You might want to try “vb_strategy=2:vmax_b_frames=4:cmp=262:subcmp=262:dia=770” – the last three being magic for rd+chroma+UMH motion search.
Out of curiosity, why did manually specify x264 settings somewhere between preset slower and veryslow? –slow-firstpass in particular almost doesn’t improve quality at all but is a low slower. And dirac encoders don’t support two pass, so you can’t really compare their speed in a single pass to encoders that do two passes.
for theora, you shouldn’t try to use bitrate number at all, use quality number instead and check the quality.
setting a bitrate using ffmpeg2theora will only produce CBR files, soft-target does not help. Only quality number (1-10) seems to be able to do VBR in theora.
You should be using Schroedinger, not dirac-research. The latter is a research encoder and generally doesn’t have sane defaults. At SD sizes, Schroedinger is pretty consistently somewhere between a good MPEG-4 ASP encoder and x264.
If you had difficulties using Schroedinger, you could have asked.
(Also, “–mv-prec 1/8” WTF? I’m not surprised you got bad results.)
It’s unfortunate that you didn’t use the most current Theora encoder… The 1.1 release is known to perform poorly on SSIM, the current encoder work results in an across the board SSIM improvement of about 2dB. A marked improvement, certainly, though x264 is still a more advanced encoder (and one extensively tuned against SSIM).
Would you mind making all the files available (the input file and all your encodes?) I can provide hosting if you’re short on internet-connected disk space.
yuvi: That’s simple: I wanted to have a sane amount of reference frames (i.e. not 16, more like 4 ;)
chris: So you’re saying there’s no way to do proper bitrate-controlled two-pass encoding for Theora, at least not with ffmpeg2theora? That’s a pity.
David: I tried to use schroedinger (using
ffmpeg2dirac --use-schro
), but it failed to generate any usable bitstreams. Regarding the Dirac options, I must admit that I don’t have any clue which settings make sense and which don’t, and since diracvideo.org was down when I did the test, I didn’t even have access to the spec. I used-mv-prec 1/8
because for most other codecs, more sub-pel precision is a good thing – again, I didn’t know that this would hurt Dirac. You’re welcome to suggest better settings.Gregory: I used the Theora encoder from SVN trunk as of 2010-02-04, not the 1.1 release. I just assumed that this is the latest and greatest version – or should I have used a particular branch instead?
I’m planning to publish the scripts I used in an update of this post anyway. I also thought about making at least a few example encodes available here, but I’m my disk quota here is low. Do you really think it makes sense to publish all encoded streams?
@all: Thank you for your feedback (and given that the post has been online for less than half a day, I guess there will be much more soon :). If I got enough input, I might eventually do a re-test with recommended settings from the developers.

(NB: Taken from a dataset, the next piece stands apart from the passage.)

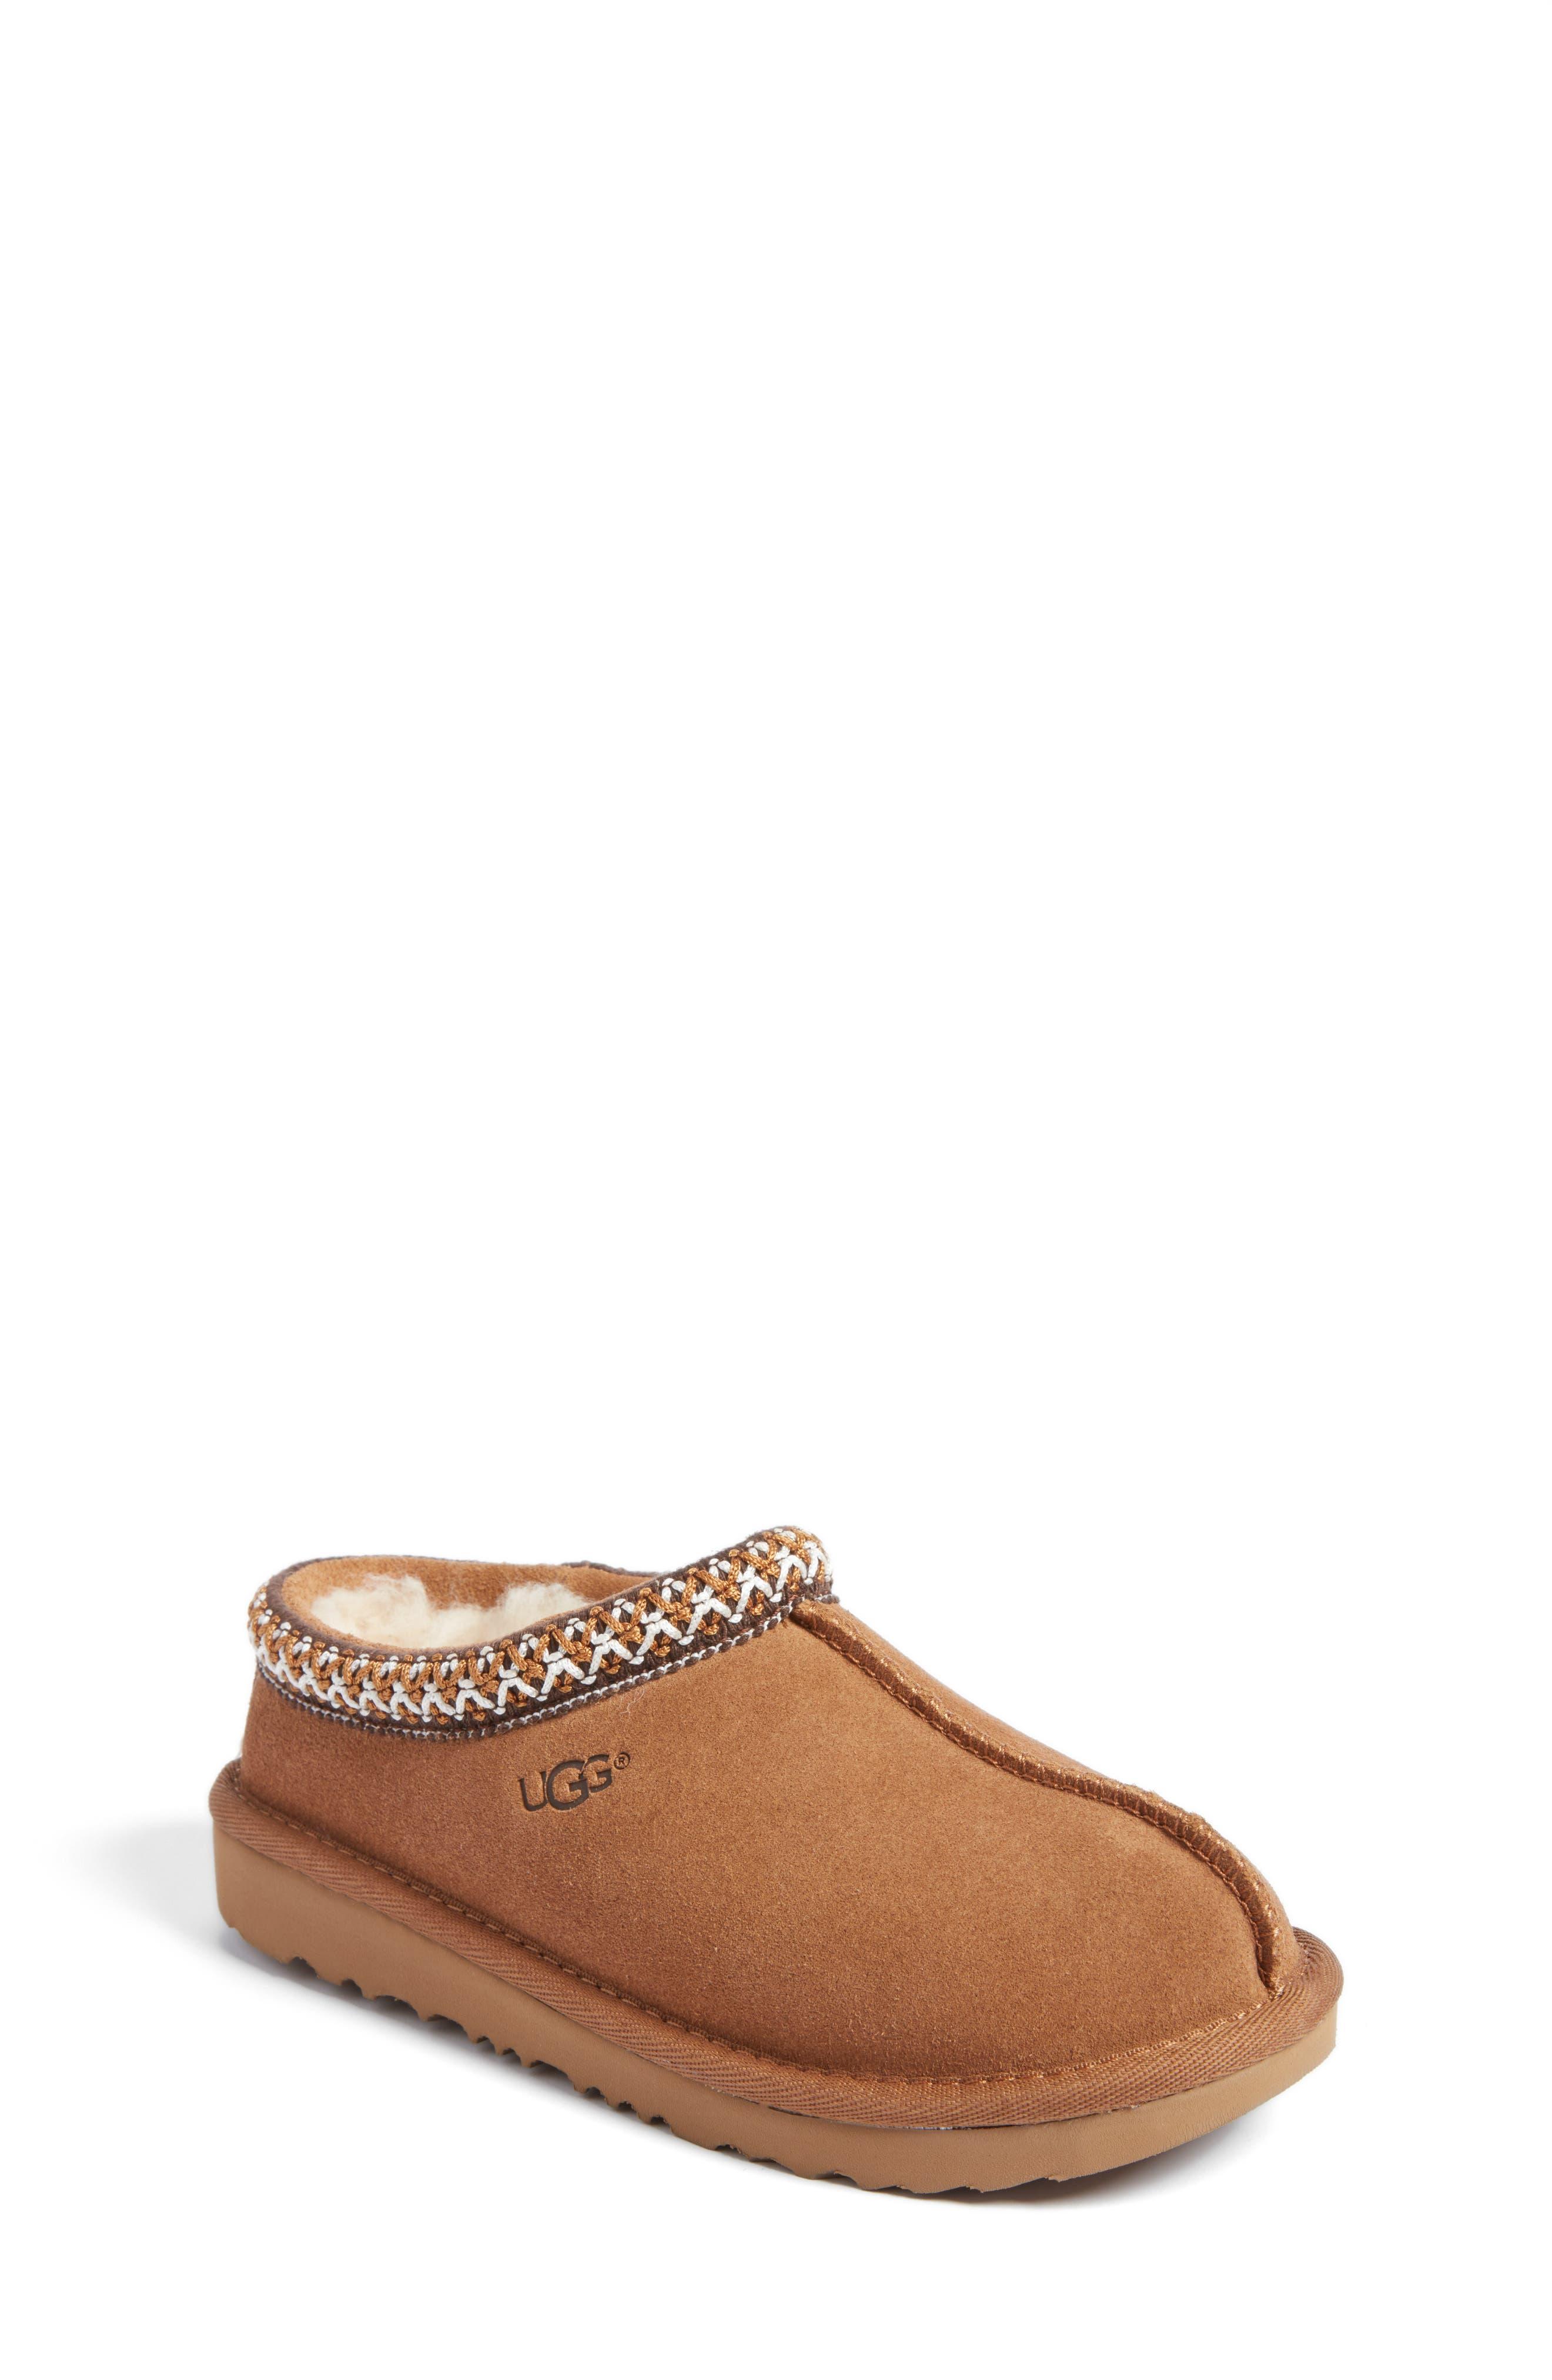 Toddler Boys' UGG® Shoes (Sizes 7.5-12)
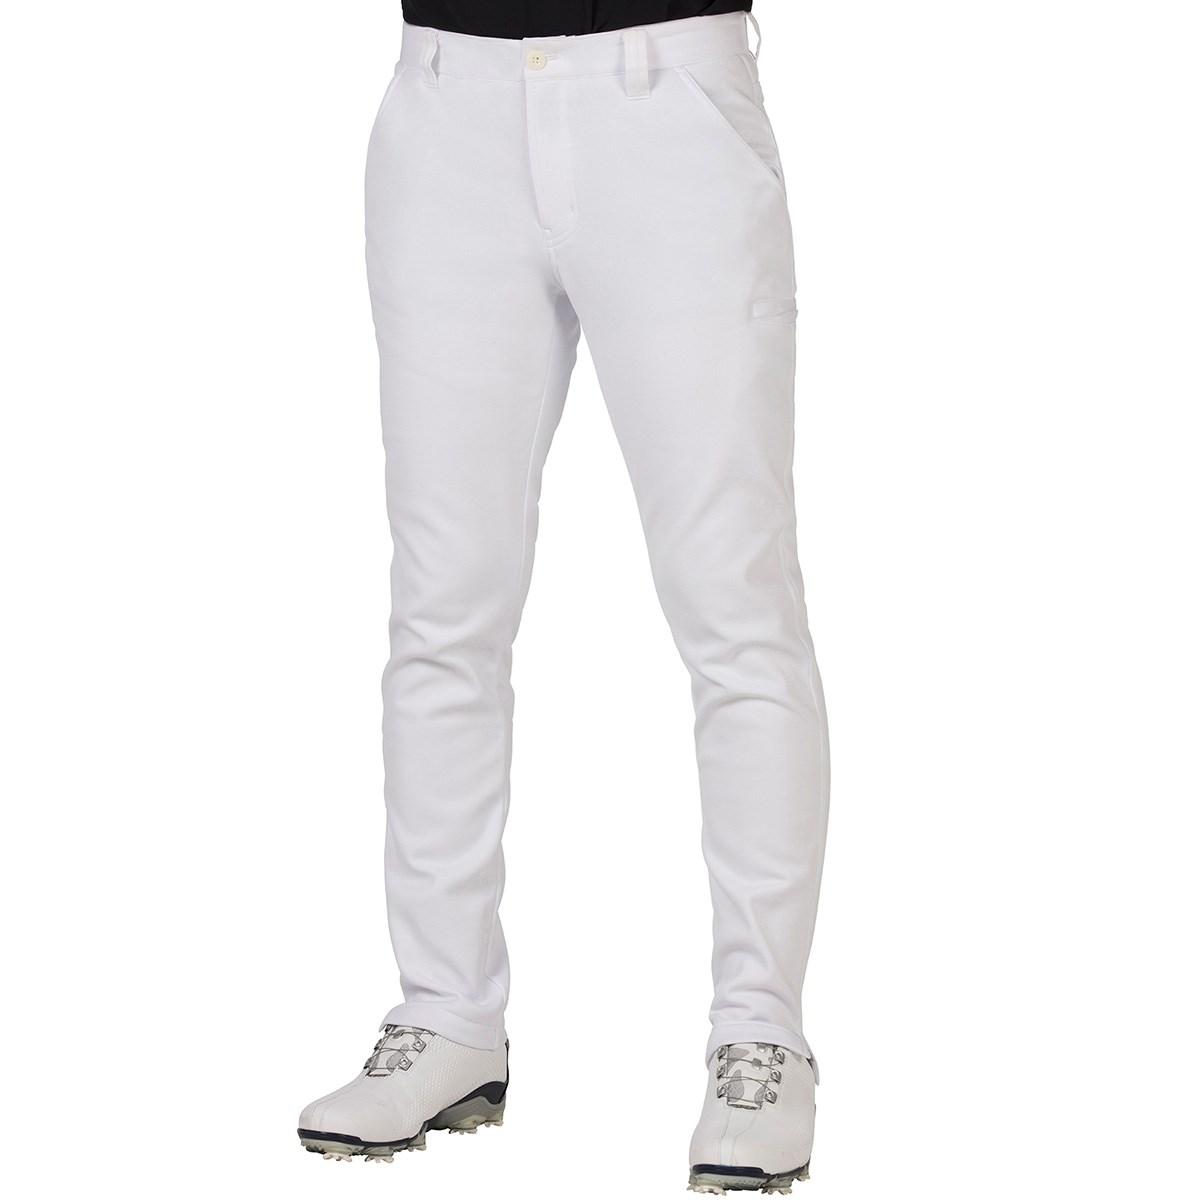 GDO オリジナル GDO ORIGINAL 7ポケットボンディングパンツ 股下82cm 2:ウエスト目安78-80 ホワイト

I’d somehow missed the part where you said you used the most current versions, but it sounds like I wasn’t incorrect by sheer dumb luck:
Theora development isn’t on Theora trunk, never has been except for release candidates. Current development is theora-ptalarbvorm. I suppose it’s just as well that you didn’t us it on 2010-02-04 ptalarbvorm had a bug that produced corrupted bitstreams on some inputs.
Though, it looks like some bad decisions with rate control are holding back the improvements on this clip: the SSIM improvement that I’m seeing is only 0.44dB. (Though this is with an SSIM tool which is more faithful than the AviSynth one; YMMV)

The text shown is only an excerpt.